Pratibhatane is a 1999 Indian Kannada-language drama film directed by Rajendra Kumar Arya and starring K. Shivaram and Vijayalakshmi.

== Cast ==
- K. Shivaram as Basava
- Vijayalakshmi as Sudha
- Kanchana
- Keerthiraj
- Shani Mahadevappa
- Honnavalli Krishna
- Vaijanath Biradar
- Karibasavaiah

== Soundtrack ==
The music was composed by V. Manohar. The lyrics are written by K. G. Prasad, V. Manohar, and Siddalingaiah.

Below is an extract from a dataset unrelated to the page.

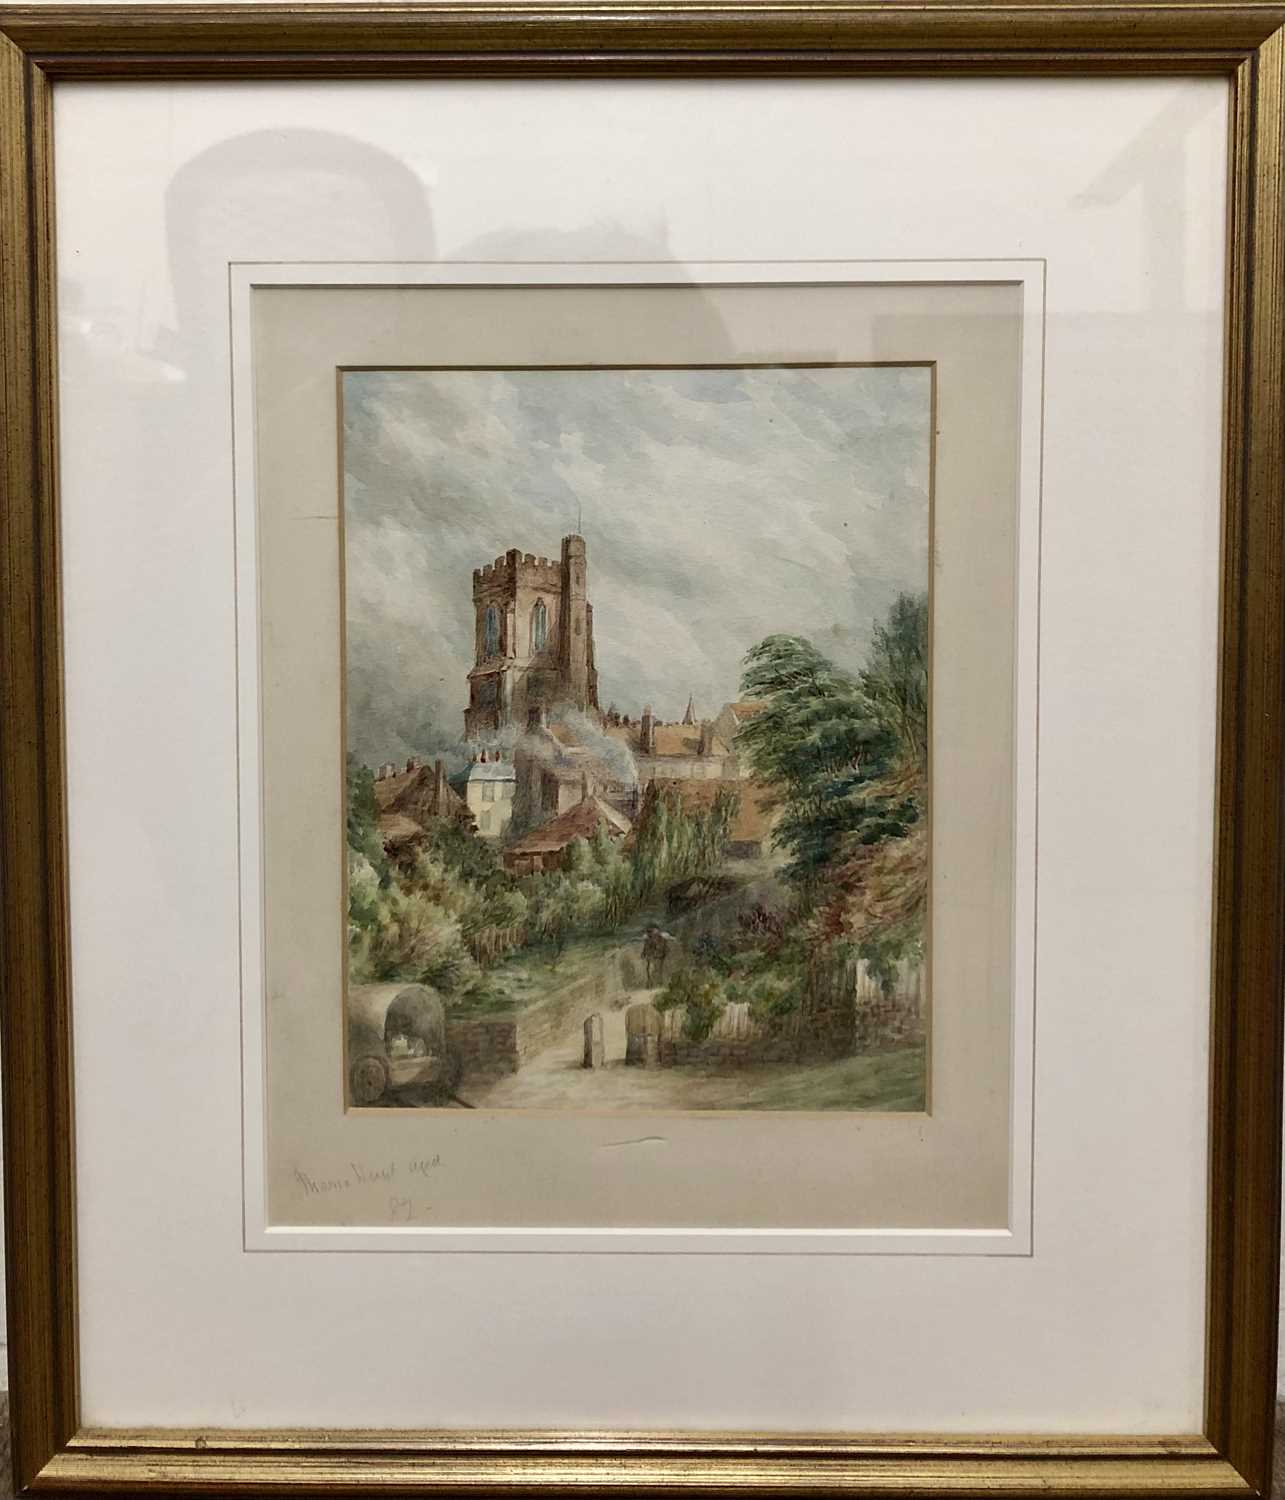 Maria Hunt (British, 19th Century), Old Action Church, London, watercolour, signed and dated 1870.

The song "Hasuvina" written by Siddalingaiah, under the pseudonym of Aditya, (Note: Siddalingaiah was a dalit and didn't want to get accused of getting lured by the commercial film industry.) was reportedly a "smash hit" and won the Karnataka State Film Award for Best Lyricist.

Track listing
| No. | Title | Singer(s) | Length |
|---|---|---|---|
| 1. | "Chori Chori" | Rajesh Krishnan, K. S. Chithra | 4:09 |
| 2. | "Baale Naviloora" | Rajesh Krishnan, K. S. Chithra | 4:24 |
| 3. | "Hasuvina" | Rajesh Krishnan | 4:44 |
| 4. | "Sarasakke Baare" | Rajesh Krishnan, K. S. Chithra | 4:27 |
| 5. | "Varadakshine" | Rajesh Krishnan | 4:28 |
| Total length: |  |  | 22:12 |

== Reception ==
Srikanth Srinivasa of Deccan Herald wrote that "Director Rajendra Arya has given a clean social film with he himself pitching in with a good performance. V Manohar is back with a bang, with a good musical score. The editing could have been tighter".